The Jews wanted to kill Jesus because he had said in essence, “I AM God.” That he was THAT God who spoke to Moses back then in the backside of the desert. “I AM” is expressive of the enigmatic, transcendent and eternal nature of God – the One who is, Who was, Who is to come. But then Jesus followed up with a reality-defying act. He “hid” from his would-be assassins. Right in front of them. “But Jesus was hidden from them and left the temple.” (John 8:59). The Amplified Bible says he concealed himself. It was like he deflected light, causing a refraction and thereby made himself “disappear”. He walked right out through their midst in acute demonstration of the import of what he had just uttered. He switched from the materiality of humanity to the invisibility of divinity.

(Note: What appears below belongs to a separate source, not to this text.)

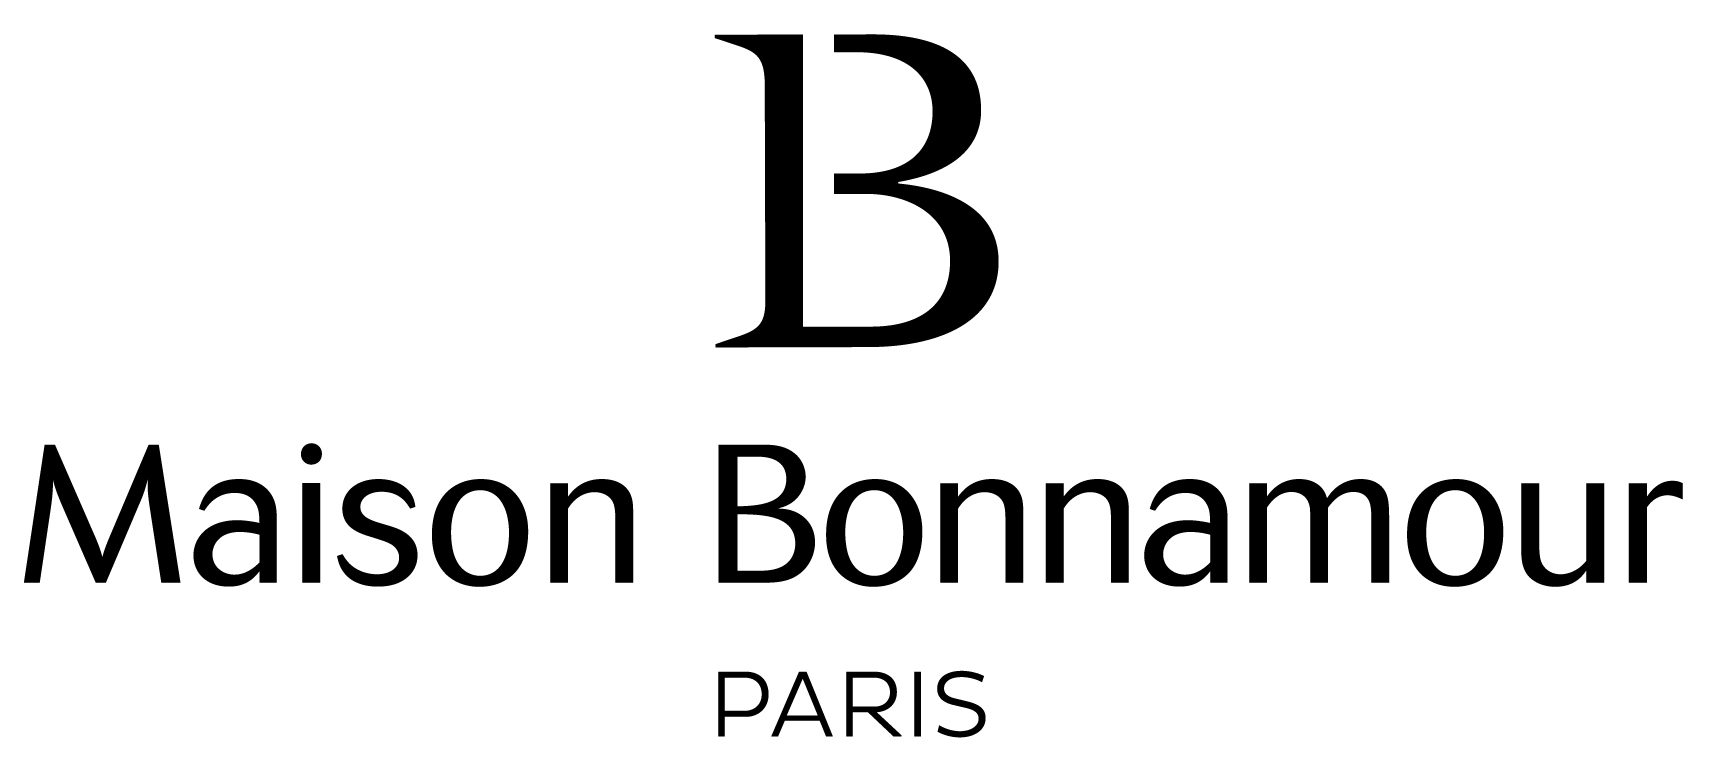 Maison Bonnamour : Sacs et accessoires - haute maroquinerie végane - made in France

And so we know from the words of Jesus that he was the God replete over the pages of the Old Testament – the one who parted the Red Sea with an east wind; who vanquished the army of Egypt; the Rock that followed the Israelites in the wilderness and from Whom they drank (1 Corinthians 10:4); the One who led the Israelites by a pillar of cloud by day and a pillar of fire by night. (Exodus 13:21). “And the LORD spoke unto Moses…” “And the LORD went before them by day in a pillar of cloud…” (Exodus 14:1, 13:21). No wonder Prophet Micah wrote: “Whose goings forth have been from of old, from ancient days (eternity).” (Micah 5:2). And the Psalmist corroborated: “Before the mountains were brought forth or ever You had formed and given birth to the earth and the world, even from everlasting to everlasting You are God.” (Psalm 90:2).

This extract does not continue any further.